As a Black American woman growing up in Mobile, Alabama, Weddle remembers becoming interested in her West African heritage upon learning about her family's ties to the historic community of Africatown. Just north of Mobile, Africatown was founded in 1872 by formerly enslaved people smuggled to the U.S. on the Clotilda.
As an adult, she proudly traced her DNA to Guinea Bissau, Nigeria, and Cameroon. Weddle has routinely sought out West African restaurants, first in Houston in the 1990s, then later in Georgia. When Le Nouveau Maquis opened in 2014, she would drive four hours from Savannah to Stone Mountain to get okra and fufu.
“Every chance I get, I try to drive there,” she said. “I won’t visit family, I’ll [go] there, and I will find a way to pack some food, to get it back.”
In recent years, more Black Americans have followed in Weddle’s footsteps toward West African cuisine, a path that in greater Atlanta leads to Le Nouveau Maquis.
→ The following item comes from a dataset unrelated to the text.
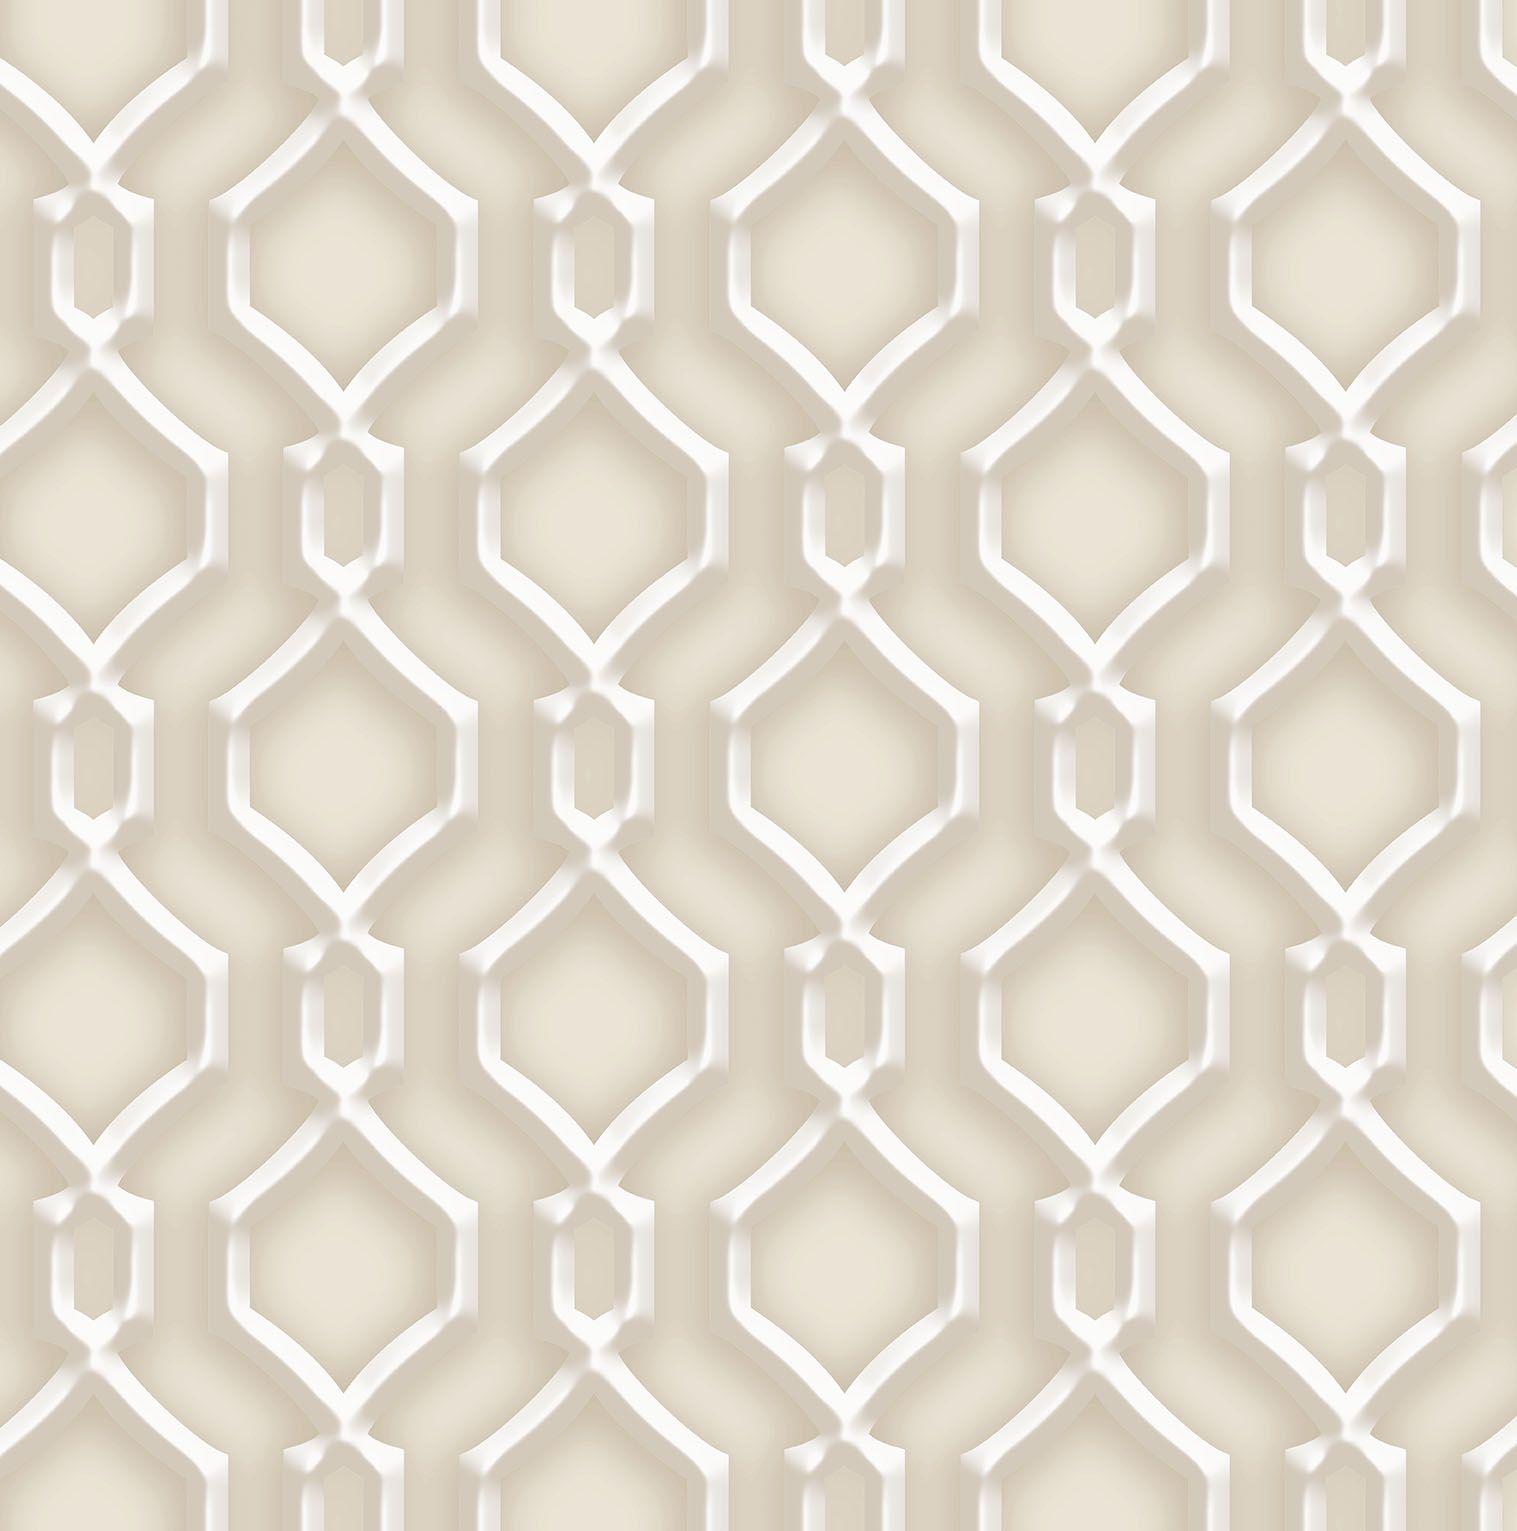 Papel de parede Bobinex Vinílico  Coleção Dimensões Geométrico Alhambra Marrom, Marfim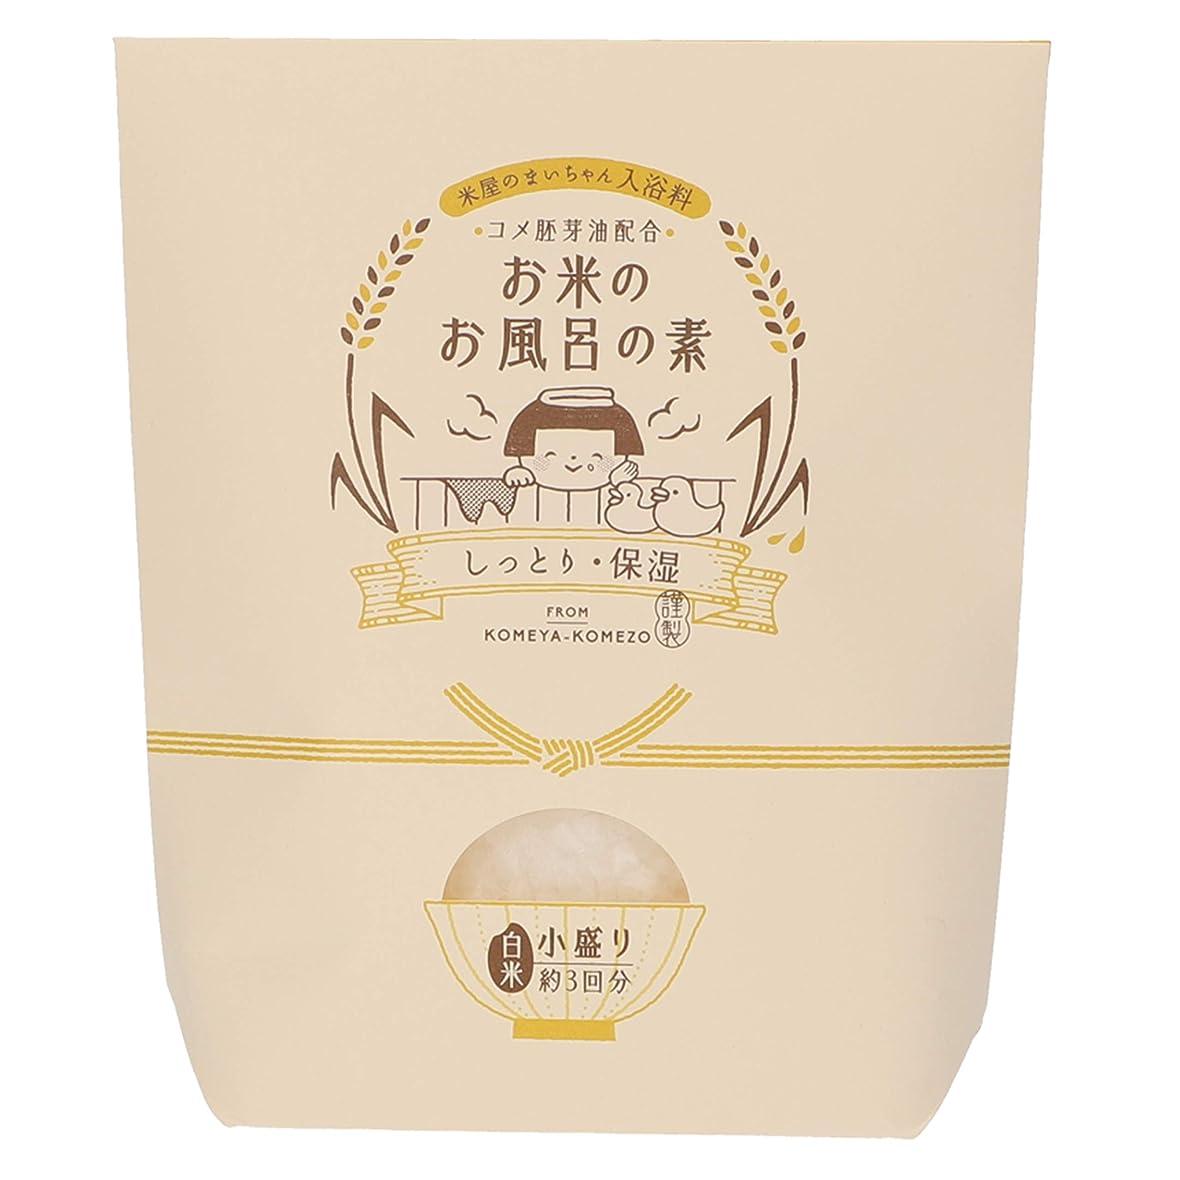 特異なエトナ山ハードお米のお風呂の素 小盛り(保湿)

Media moments like the fufu challenge on TikTok and the Black Panther movies have brought more Black Americans to the restaurant, many of them trying West African food for the first time.
And while the mother-daughter duo behind the restaurant is thankful for the expanding customer base, their original focus was to serve West African immigrants, providing the comfort food they miss from home.